Prediction #3: "...the Republicans pick up an even 10 seats in the House of Representatives."
Result: The Republicans picked up a dozen seats in the House for their biggest advantage since the Truman Administration. There is the opportunity to claim a 13th seat pending a recall election in Arizona.

Not bad, not bad!

Prediction #4: "...the GOP wins Louisiana, Georgia, Colorado, Iowa, Alaska and Kansas for a 53 seat majority in the next Congress."
Result: The GOP picked up all those seats, plus North Carolina, to win a 54 seat majority.

Perhaps the most interesting part of my prediction was this:
Those eight seats are as follows (ranked in order of how likely I think the Republicans are to win):
  1. Louisiana
  2. Georgia
  3. Colorado
  4. Iowa
  5. Alaska
  6. Kansas
  7. North Carolina
  8. New Hampshire
....If my estimation is correct, we will be able to draw a horizontal line somewhere on this list, and everything about will go red; everything below will go blue. 
It turns out that this was almost exactly correct.

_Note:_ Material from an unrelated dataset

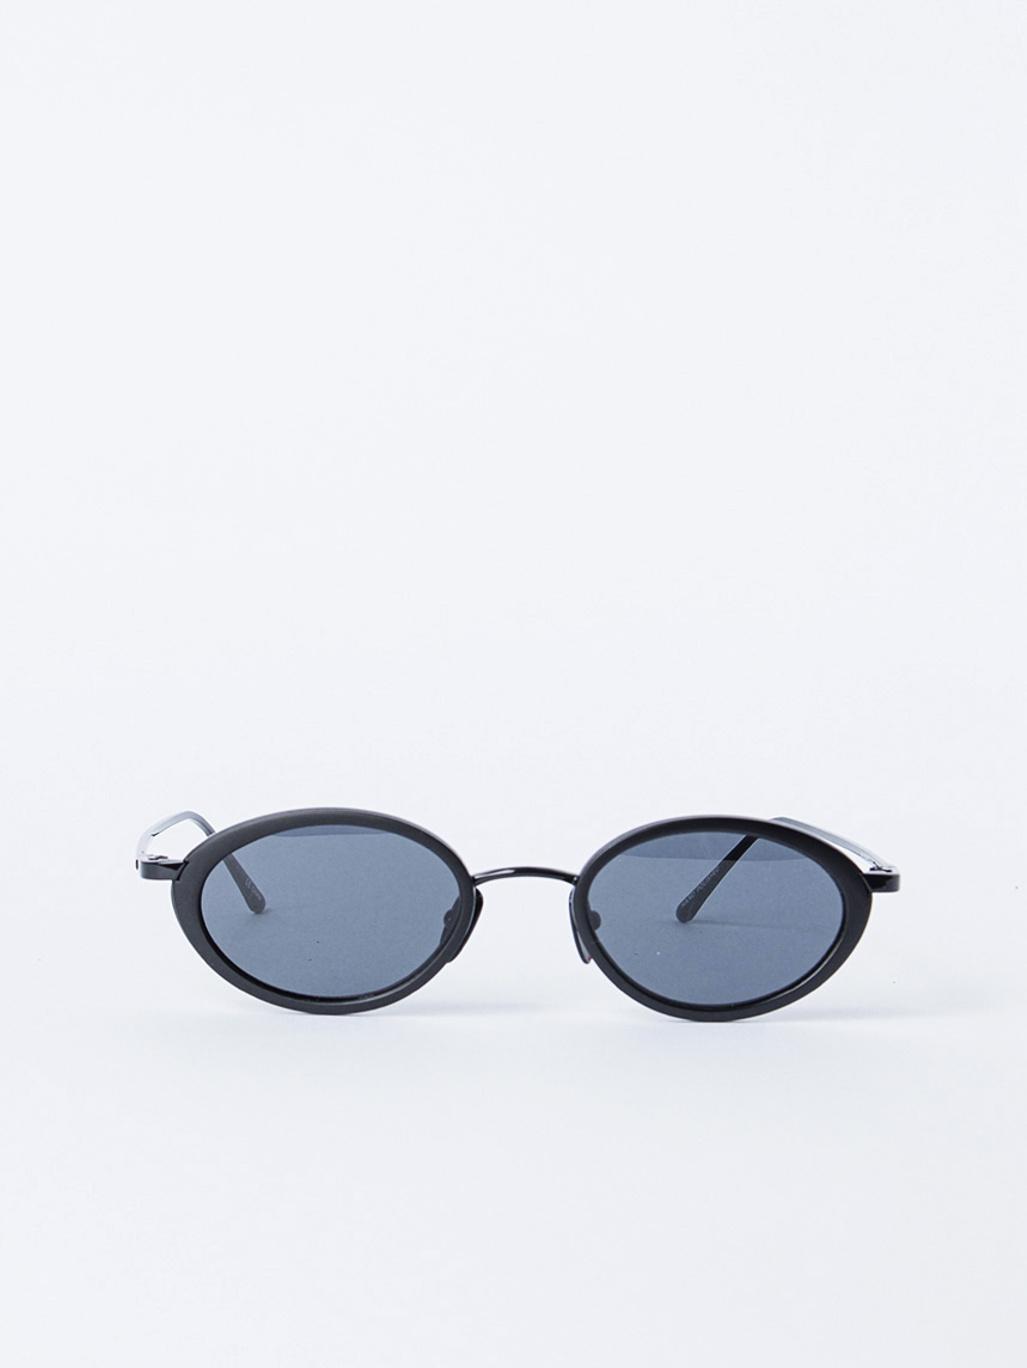 a15221e183 LUXE - BOOM! - Le Specs - APLACE Fashion Store   Magazine

One through seven went red (with a nail-biter putting North Carolina in the GOP column), and New Hampshire went blue in a closer than expected race. Missing from this race was Virginia--which I did not expect to be close. The GOP nearly pulled off an upset here.

Rationale #1:  "Well, that's not a very bold prediction, Karlen. You're just telling us what the polls are telling us!"

Yes, my analysis was heavily based on polling data, which I have long (correctly) argued is incredibly reliable on predicting elections. While my poll-based projections turned out to be quite accurate (as you'll see above), I think one of the most interesting aspects of this election is that the polls were way off in the magnitude of the GOP landslide.

For example, the polls and I predicted a two point Walker win. We look correct for getting the winner right, even though the final margin was nearly four points greater than the projection. If we miss by four points the other way, Mary Burke is the governor-elect, and we look like idiots. We might have gotten lucky.

So has polling broken down? Are response trends now too unpredictable that there's no way to use public opinion surveys to accurately gauge elections? That, my friends, is the million billion dollar question that we'll need at least another two years to answer.

Rationale #2: "One party usually takes home 70-80% of the tossup seats....That means that either the Democrats sandbag their losses, take a majority of the tossups and save their Senate majority or the GOP heads into 2015 with a stronger-than-expected majority."

If there's one thing I got right, it's the paragraph above.

Exit Prediction #1: Hillary will not be the next president of the United States.
Exit Prediction #2: Right now you're quietly cursing me for this subtle reminder that we've got two years of NONSTOP speculation, advertising and chatter about the 2016 presidential election.